▶ _What this task involves_
Print out the data precisely as it appears here, with no pictures.

▶ _Available data_
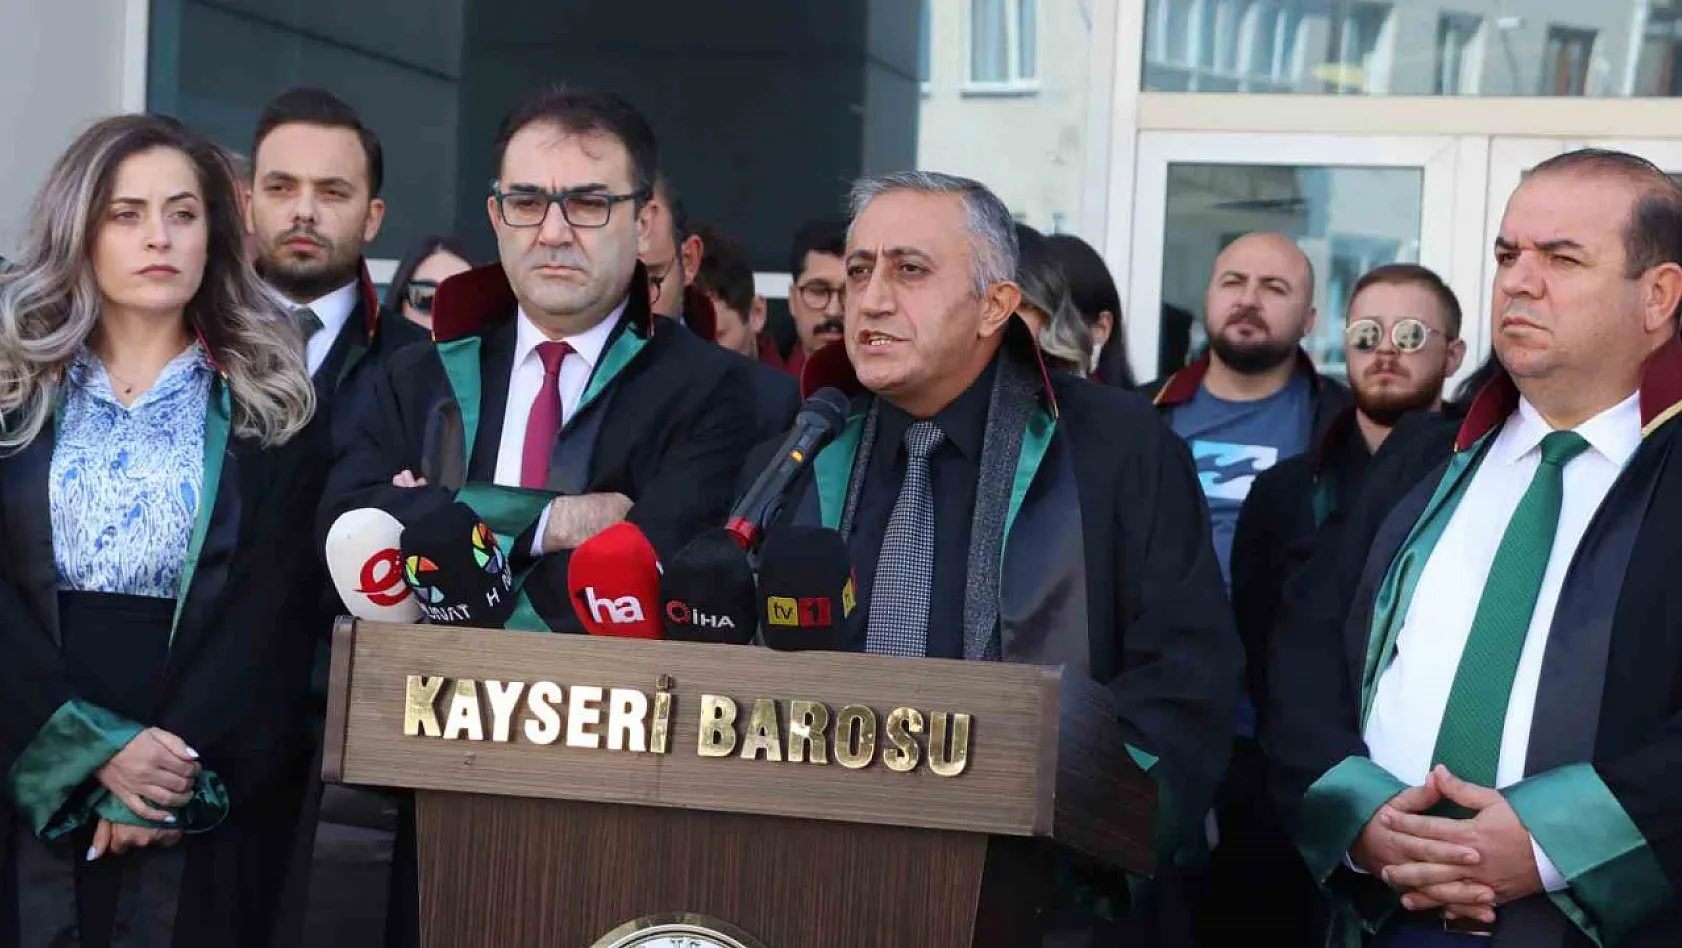 Kayseri Barosu'ndan avukatlara yönelik saldırılara tepki
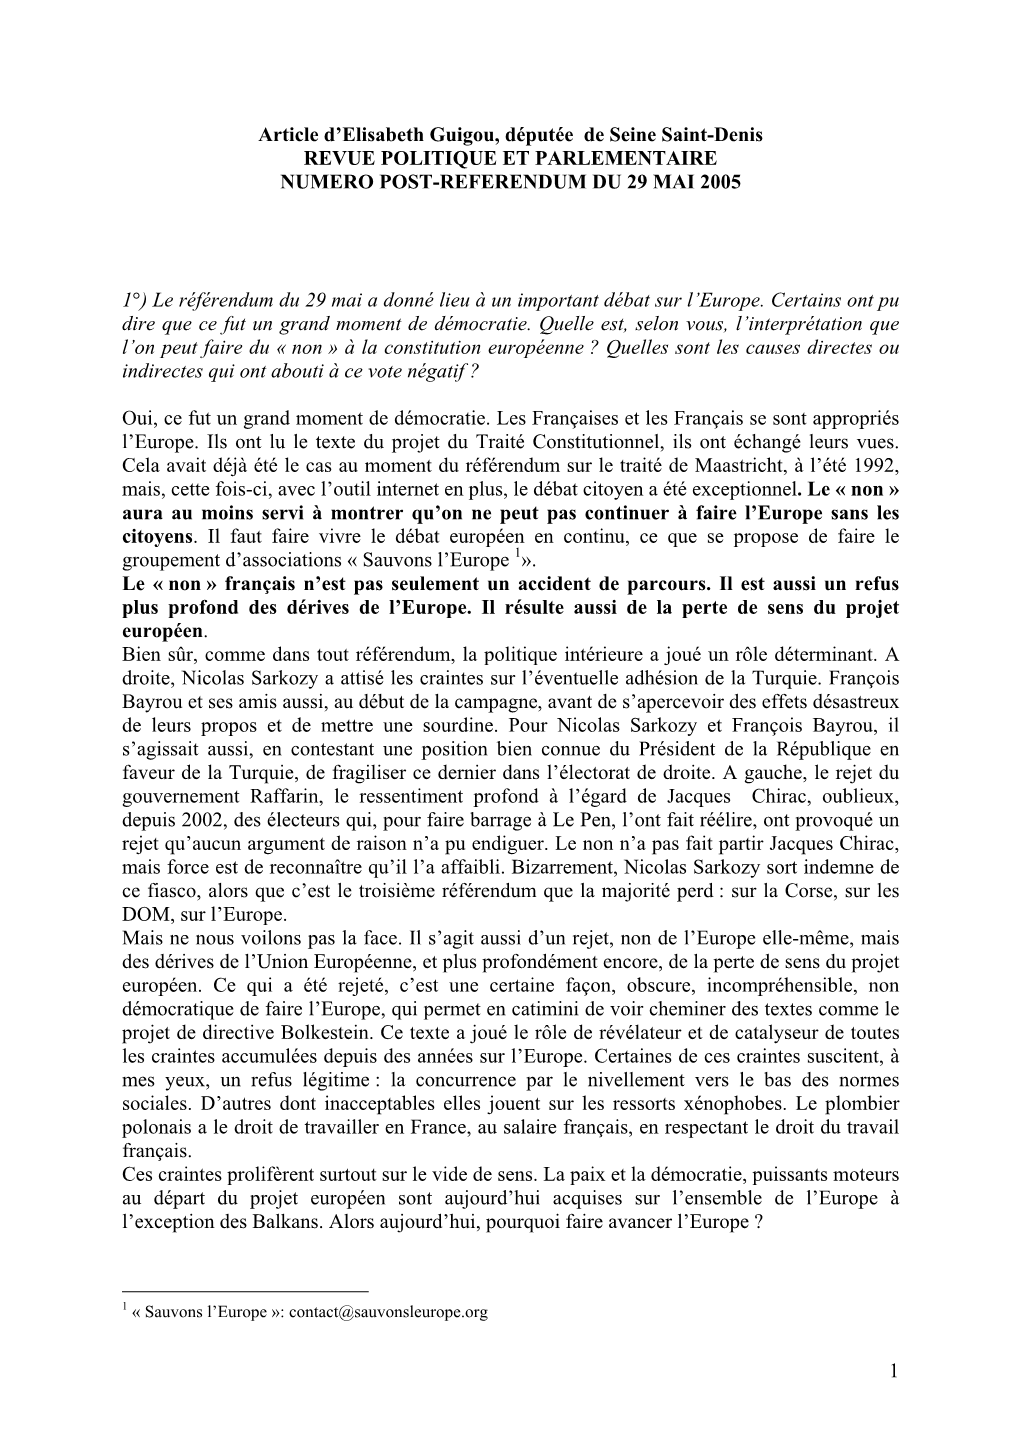 1 Article D'elisabeth Guigou, Députée De Seine Saint-Denis REVUE POLITIQUE ET PARLEMENTAIRE NUMERO POST-REFERENDUM DU 29 MA
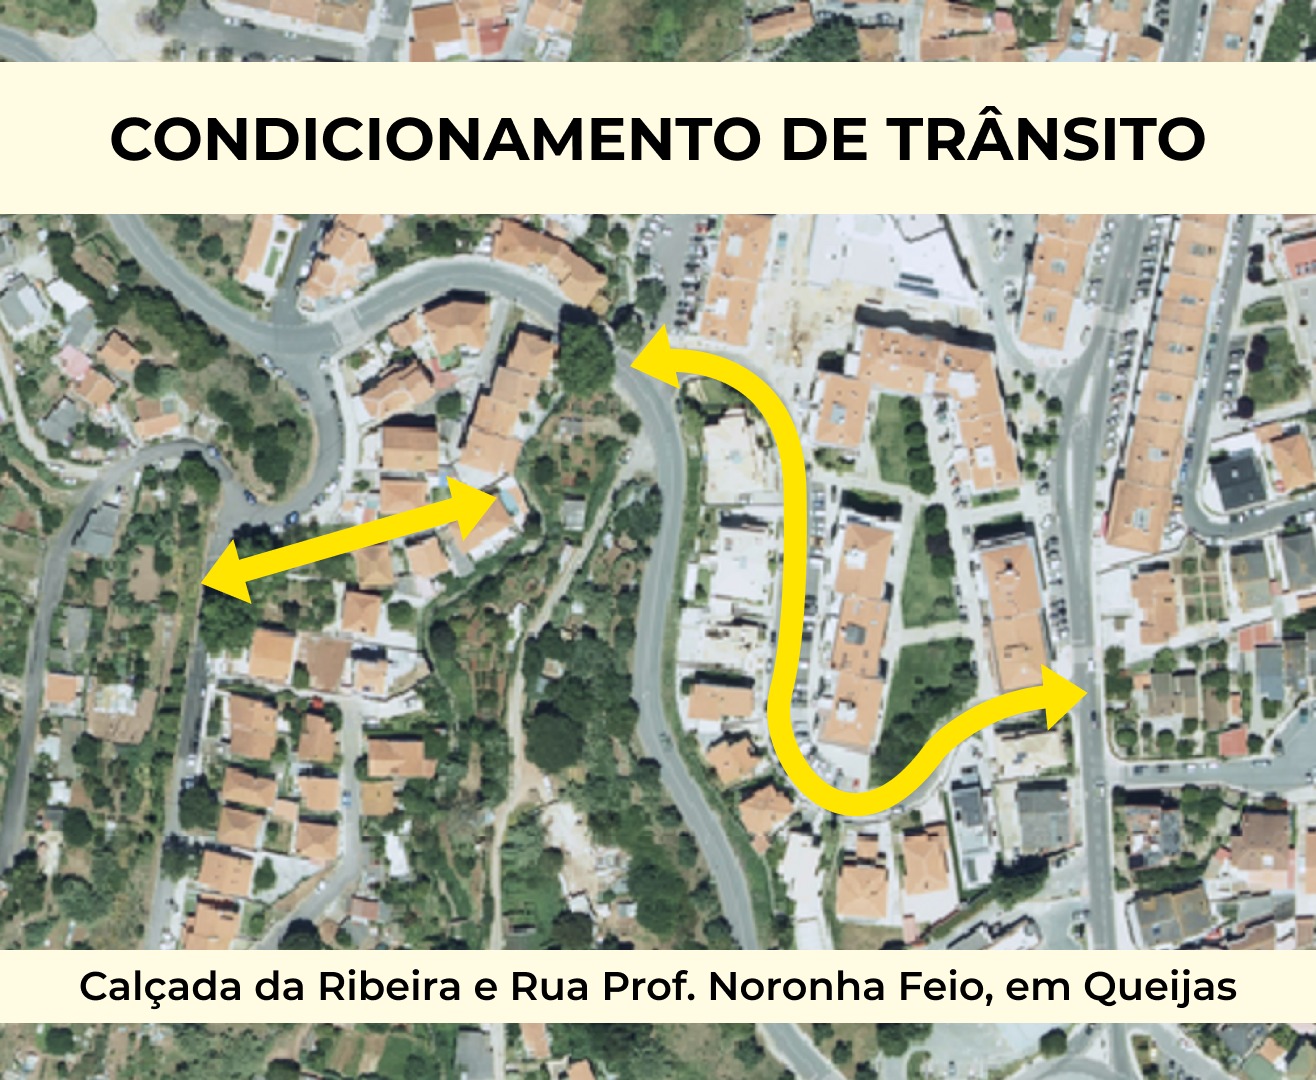 Vista google maps da Calçada da Ribeira e Rua Prof. Noronha Feio

▶ _Output for this task_
 Kayseri Barosu'ndan avukatlara yönelik saldırılara tepki
 1 Article D'elisabeth Guigou, Députée De Seine Saint-Denis REVUE POLITIQUE ET PARLEMENTAIRE NUMERO POST-REFERENDUM DU 29 MA
 Vista google maps da Calçada da Ribeira e Rua Prof. Noronha Feio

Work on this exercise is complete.